For 30 years, “Master” Muhammad Ayub, whose day job with the Pakistan Civil Defence Service includes defusing bombs and putting out fires, has cycled from his office to the makeshift school to teach children from surrounding slums for free.

There are no walls, no roof and no chairs — and students dutifully rise to move en masse as the sun makes its way across the sky — it is their only source of lighting so they must follow it.

In a country where education is underfunded and 24 million children are not in school, grey-haired Ayub, 58, is hailed as a hero for providing his charges with hope for a better future.

“I was rescued from the darkness of illiteracy by an angel in the shape of Master Ayub when I was nine and collecting firewood,” said Farhat Abbas, now 20. He is now Master Ayub’s teaching assistant, as well as studying for a bachelor’s degree at a local university.

The school has rescued many others like Mr Abbas. Some have gone on to jobs in government and businesses that would have otherwise have been beyond their reach.

Master Ayub started his school in 1986 when he moved to the recently-built capital from the sleepy agricultural town of Mandi Bahauddin. With its wide boulevards, stunning views of the Margalla hills and impressive monuments, Islamabad was a world away from the young man’s hometown.

But, he recalls, “When I arrived, I was puzzled to see small children working in the streets, begging or cleaning cars or selling flowers and I wondered, how come they have to do this in a posh capital city?”

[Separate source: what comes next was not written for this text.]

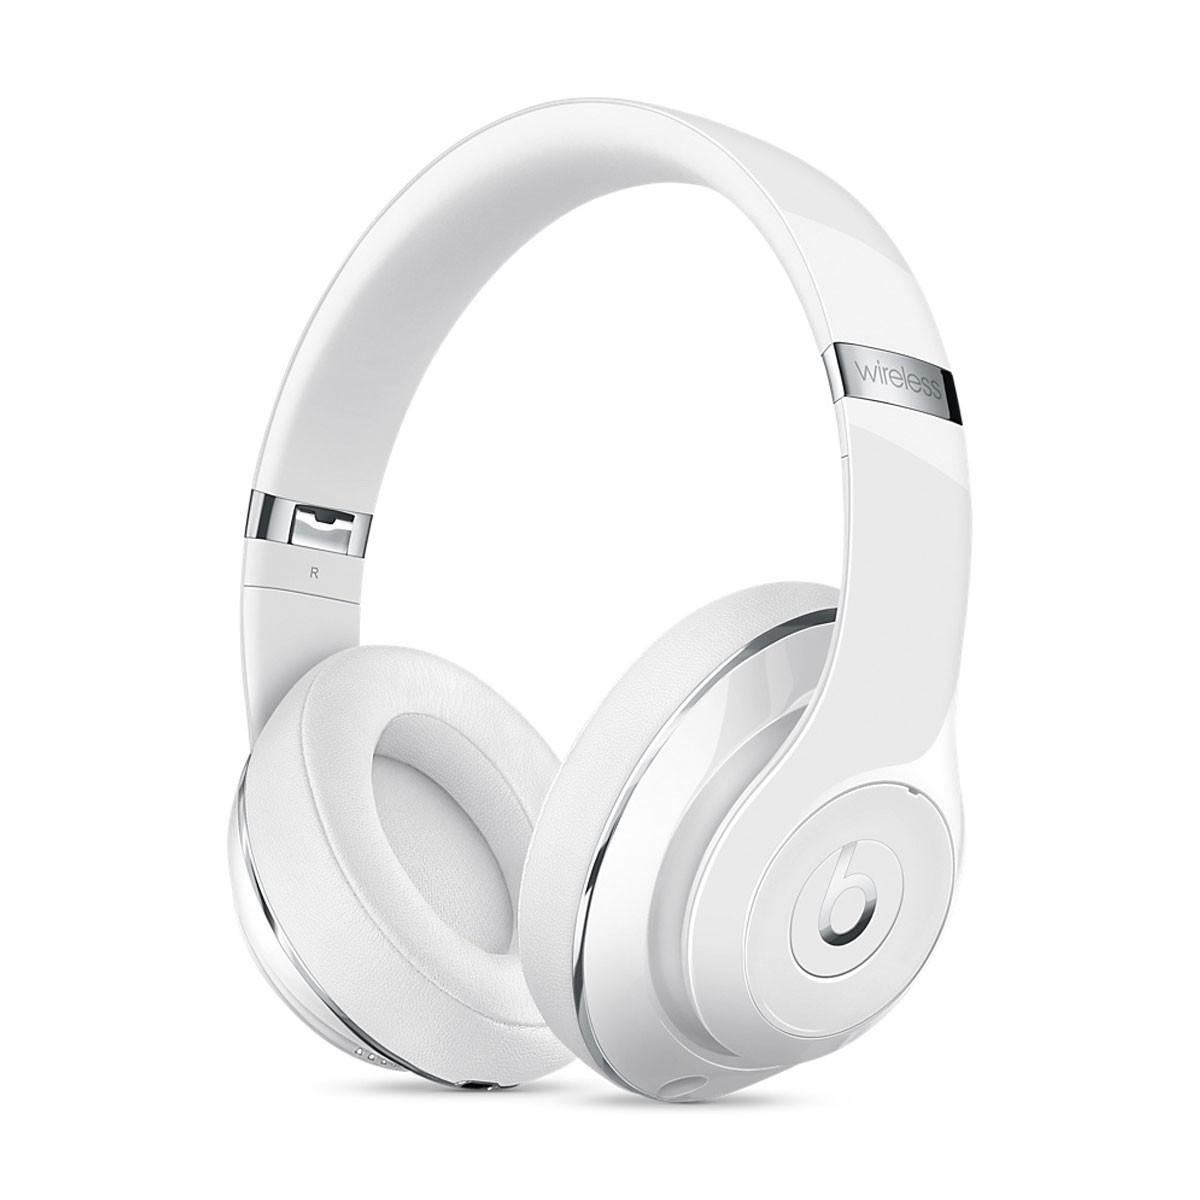 Bezdrátová sluchátka přes uši Beats by Dr. Dre Studio -  leskle bílá

One day he came across a boy washing cars in the market place and asked him why he wasn’t in school.

“I asked him if he wanted to study and he said ‘yes’. Right there I gave him a notebook, a book, a pencil and a rubber and started teaching him,” said Master Ayub, himself a high school graduate who left college before finishing his degree.

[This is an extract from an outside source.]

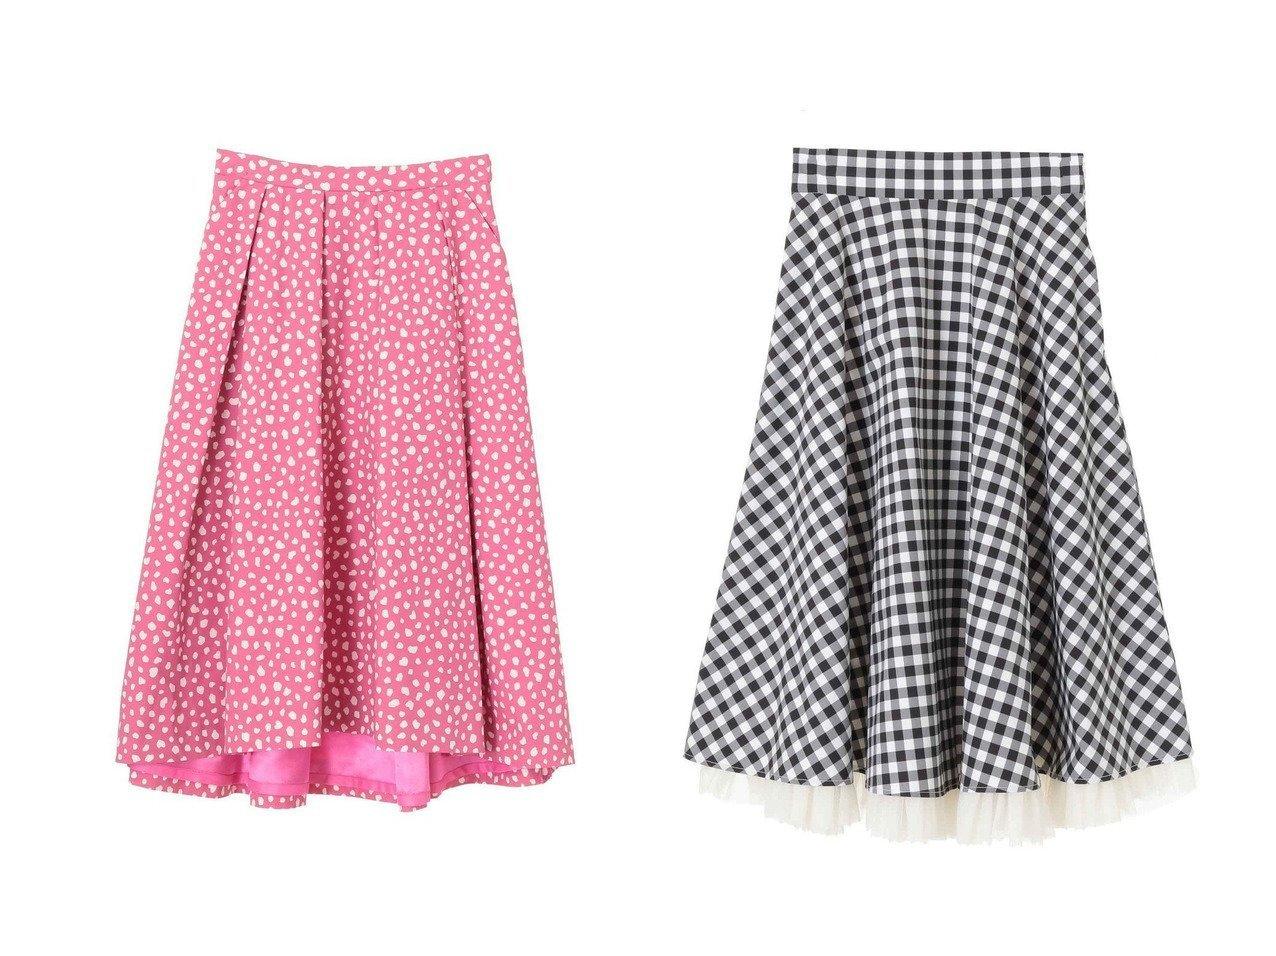 【31 Sons de mode/トランテアン ソン ドゥ モード】の裾チュールミディ丈柄スカート&レオパード柄フレアスカート スカートのおすすめ!人気、トレンド・レディースファッションの通販  おすすめで人気の流行・トレンド、ファッションの通販商品 メンズファッション・キッズファッション・インテリア・家具・レディースファッション・服の通販 founy(ファニー) https://founy.com/ ファッション Fashion レディースファッション WOMEN スカート Skirt Aライン/フレアスカート Flared A-Line Skirts 2020年 2020 2020-2021 秋冬 A/W AW Autumn/Winter / FW Fall-Winter 2020-2021 2021年 2021 2021 春夏 S/S SS Spring/Summer 2021 コンビ ドット フレア レオパード 春 A/W 秋冬 AW Autumn/Winter / FW Fall-Winter |ID:crp329100000009765

“The next day the boy brought another with him, and within a week there were 50 children in my class.”

He began by teaching them in a corner of the marketplace, but the shopkeepers shooed him away. He then set up outside a government school but was told to pack up after influential people living nearby complained the children were causing a nuisance. Finally he shifted to the park, which adjoins some of the most expensive houses in the city — but is also near a slum full of minority Christian families.

Founded in 1960, Islamabad ith little public housing for the poor, who work in menial jobs and as domestic servants for the wealthy. Consequently, numerous slums sprang up throughout the city, but because their homes are not legally recognised, it is often hard to enrol slum children in registered schools.

Hina Shahbaz, 17, moved with her parents to Islamabad two years ago, but lacked the paperwork to get into a school. She started attending Master Ayub’s classes, while he used his contacts among local officials built up over the years to get her enrolled at a formal school.

She continues to help out by teaching younger students, while receiving maths tuition from her old teacher. “I like science and I want to become an engineer,” she said.

The early years were hard, says Master Ayub. The authorities suspected he was a missionary because he was teaching so many Christians (he is in fact a Muslim). But suspicion fell away when he received an award from the ministry of education in 2012 and a presidential award last year.

Master Ayub isn’t in it for the accolades, however. “I started this work because if these children do not get education, they will fall into wrong hands, become criminals or terrorists. I want them to get education and join the police, the army, become doctors and engineers.”

As he approaches 60, he says it is time to build his legacy — literally. “I have bought some space here and built two rooms because I want to teach computer systems.I want to leave a facility behind after my death where these children continue to get the light of education.”